Face à l’évolution de la situation militaire en Europe (domination nazie dans les Balkans et en
Scandinavie, attaque de l’URSS en juin 41) et en Asie (prise nippone de l’Indochine française), à la
pression de groupes d’intérêts économiques qui virent le commerce mondial menacé par cette expansion
(4 M de t furent coulées en 1940 et 4 M en 1941 !), à la pression de la Grande Bretagne qui poursuivait
seule le combat en Europe, Roosevelt décida d’aller plus en avant dans l’engagement américain. Les
conversations d’état-major entre Britanniques et Américains débutèrent le 24 janvier 41. Le 30 mars, les
navires allemands et italiens furent saisis. Les forces américaines installèrent des bases militaires au
Groenland à partir du 10 avril et débarquèrent en Islande le 7 juillet. C’est dans ce contexte que se tint une
rencontre entre Roosevelt et Churchill et dont témoigne ce texte, resté sous la postérité comme « Charte
de l’Atlantique ».
Ce document fut signé, le 14 août, à bord d’un navire, l’USS Augusta, en plein Atlantique par le
Président des Etats Unis, F.D. Roosevelt et le Premier ministre britannique, W. Churchill. Un nouveau
pas vers la constitution d'une organisation mondiale fut franchi trois mois après la Déclaration du palais
de Saint-James. Ce document n'était pas un traité entre deux puissances. Ce n'était pas non plus une
expression définitive et officielle de leurs vues sur la paix. C'était uniquement, de la part de deux hommes
d'État, une affirmation, comme l'indiquait le document, « de certains principes communs, à la politique
nationale de leurs pays respectifs » et sur lesquels ils fondaient leurs espoirs d'un avenir meilleur pour le
monde.
Il eu donc pour but de formaliser le rapprochement diplomatique entre leurs deux pays en adoptant
un certain nombre de principes (huit) destinés à guider leur action commune dans un contexte de
généralisation de la guerre mondiale. Les deux hommes dirigeaient le pouvoir exécutif de leur pays. W.
Churchill, Premier ministre (conservateur) britannique depuis mai 1940, était déterminé à poursuivre le
combat et incarnait la résistance britannique contre le nazisme. De la défaite française jusqu’à la rupture
du pacte de non-agression germano-soviétique (juin 41), les Britanniques furent seuls contre les forces de
l’Axe et ont pu résister au " Blitz " pendant la bataille d’Angleterre. F.D. Roosevelt était le Président
démocrate des Etats-Unis depuis 1933. Bien que l’opinion publique américaine fût encore largement
isolationniste, il poussa à l’engagement progressif de son pays dans le combat contre les puissances de
l’Axe.
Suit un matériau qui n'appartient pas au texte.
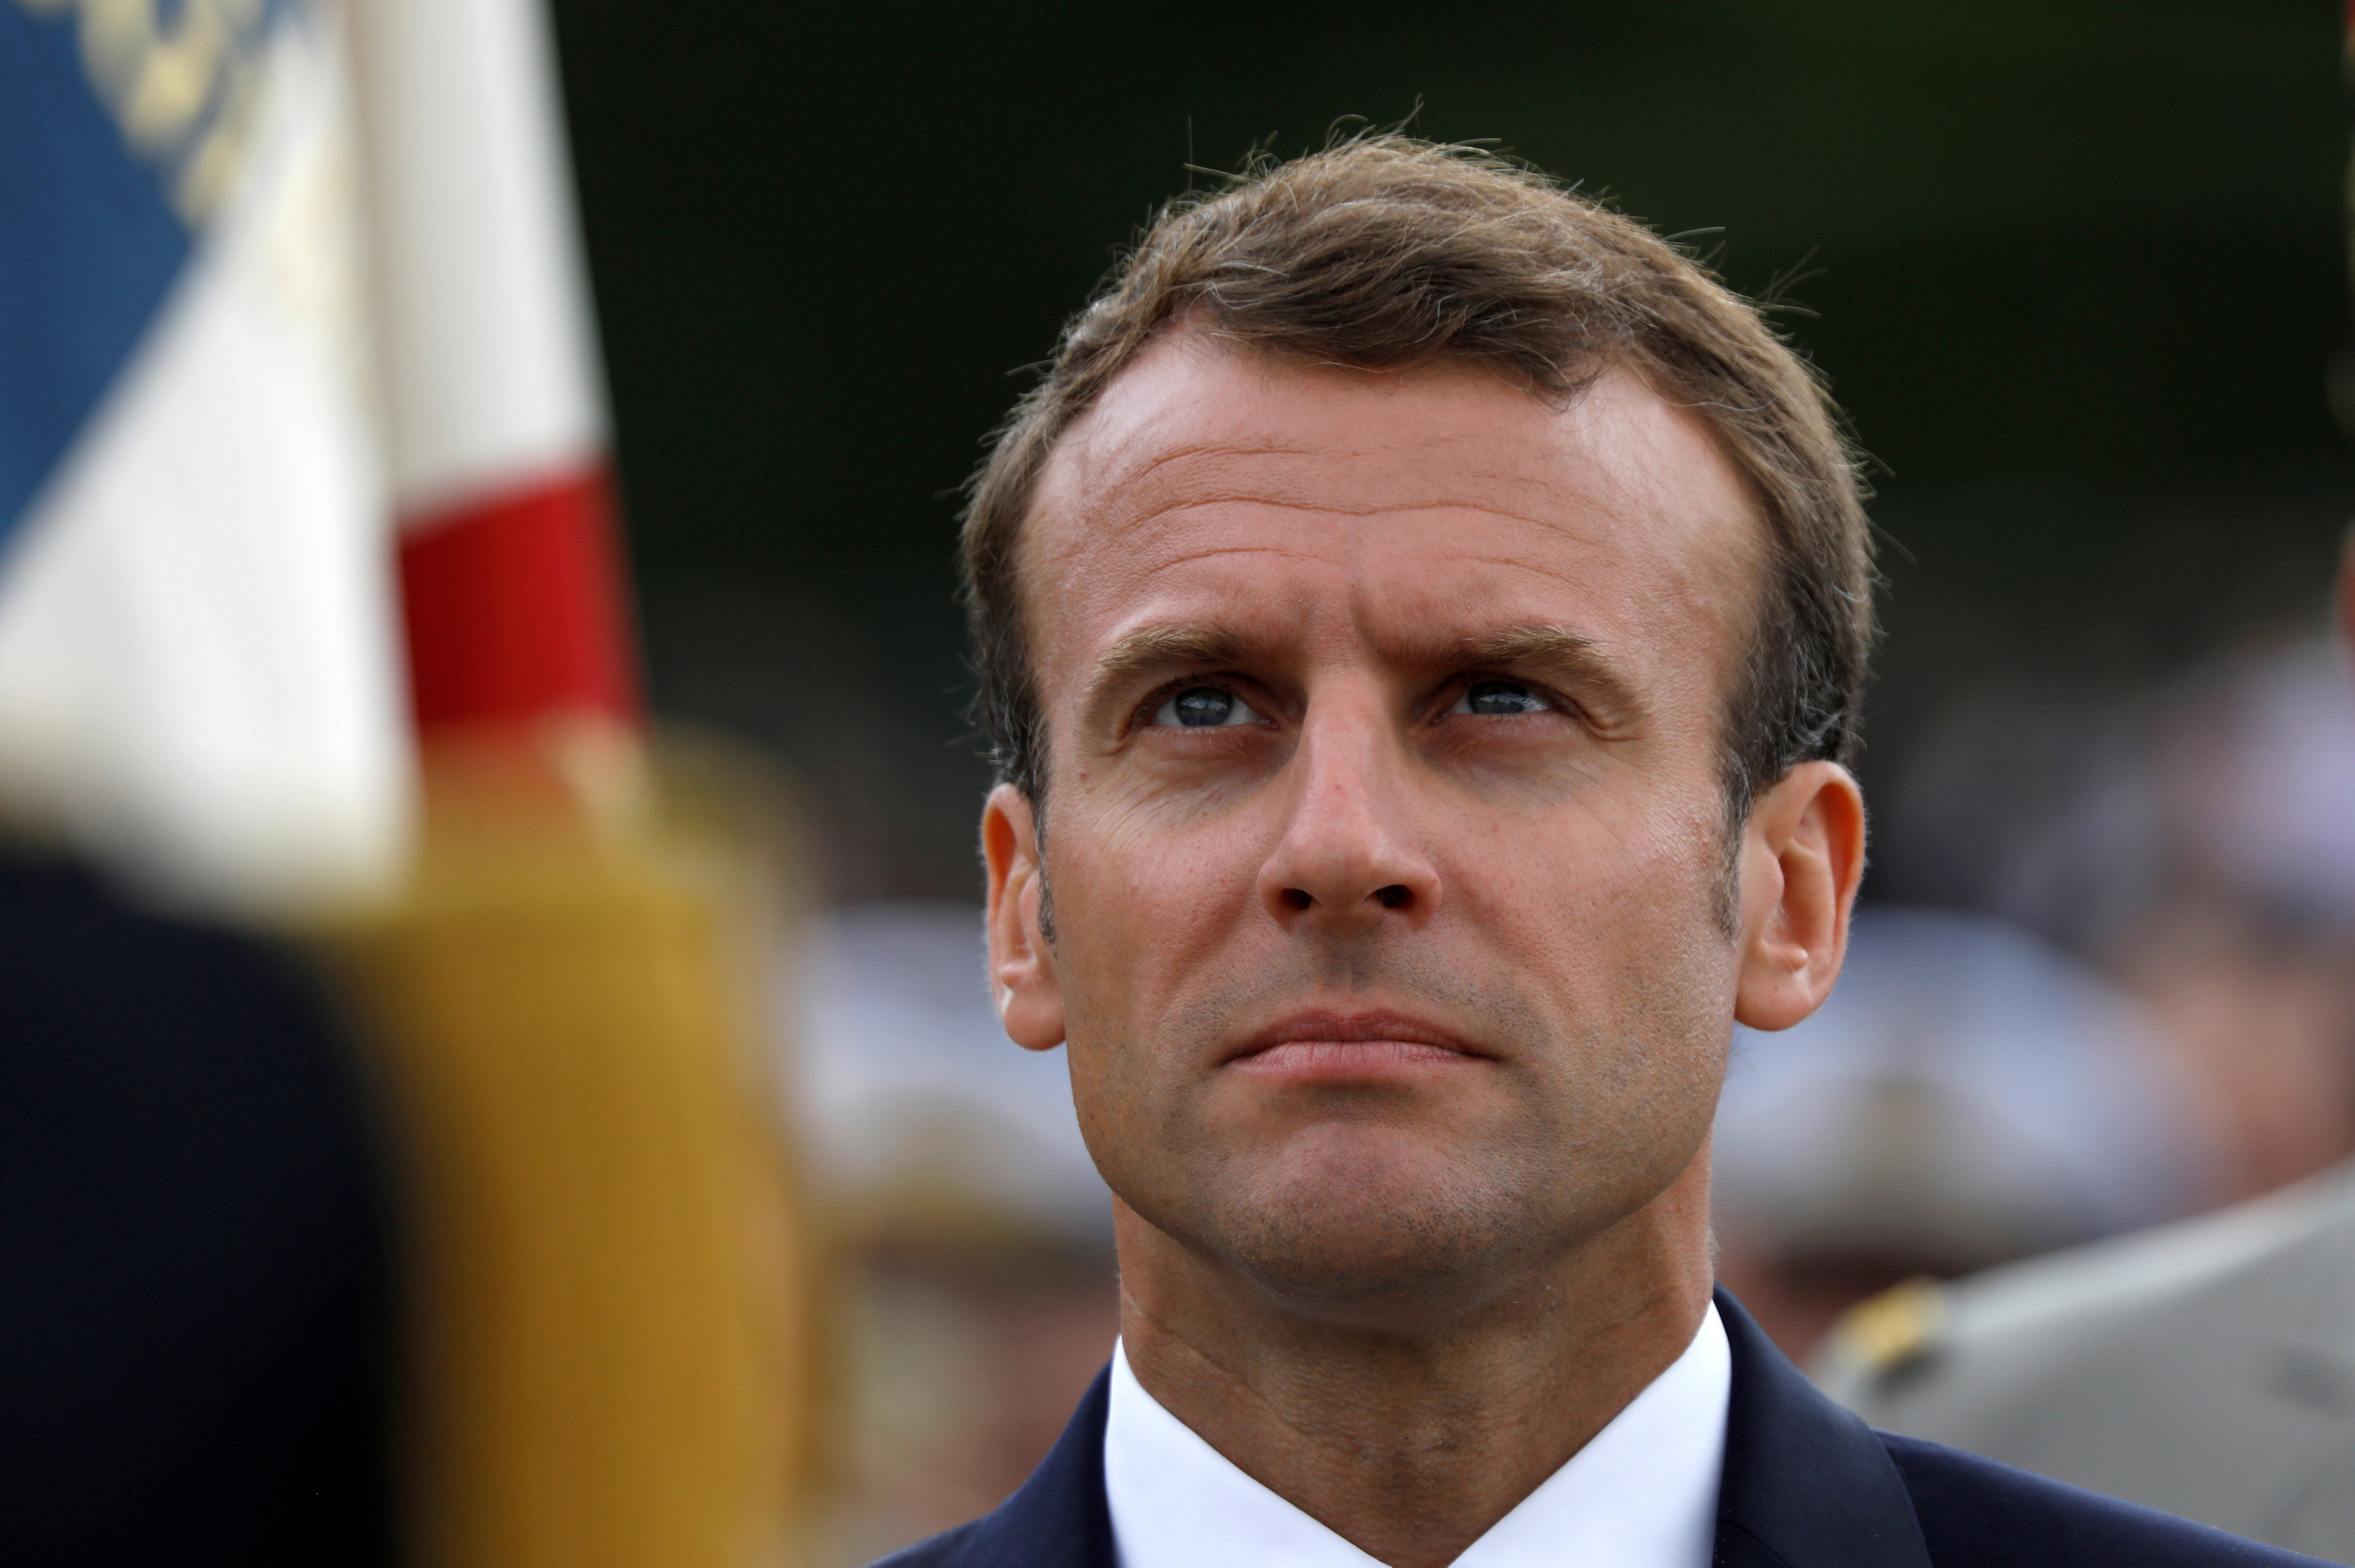 Macron busca estabilidad mientras aumentan los desafíos en Francia

Il avait ainsi obtenu que le Congrès adopte la loi prêt-bail en avril 1941 pour venir en aide,
matériellement, à la Grande Bretagne puis à l’URSS.
Les principes énoncés dans la Charte rappellent assez largement ceux du wilsonisme de 1918 (les " 14
points "). Tout d’abord, ils réaffirmaient le " droit des peuples à disposer d’eux-mêmes " (point 3), leur
droit à la souveraineté et à " choisir la forme de gouvernement sous laquelle ils veulent vivre ". Toutefois,
la question coloniale fut laissée de côté. Le gouvernement britannique était pour le maintien de l’Empire.
Ensuite, ils rappelaient l'attachement aux principes du libéralisme économique, du libre-échange (points
4, 7) et la conviction que prospérité et développement économiques étaient les meilleures garanties de
paix. Ils sous-entendaient ainsi que la " tyrannie nazie " est le produit " de la crainte et du besoin " (point
6). Aussi, pour ne pas reproduire les erreurs du passé (le " diktat " de Versailles et ses conséquences pour
l’Allemagne après 1919), ils s’engageaient à favoriser le développement des " vainqueurs et des vaincus "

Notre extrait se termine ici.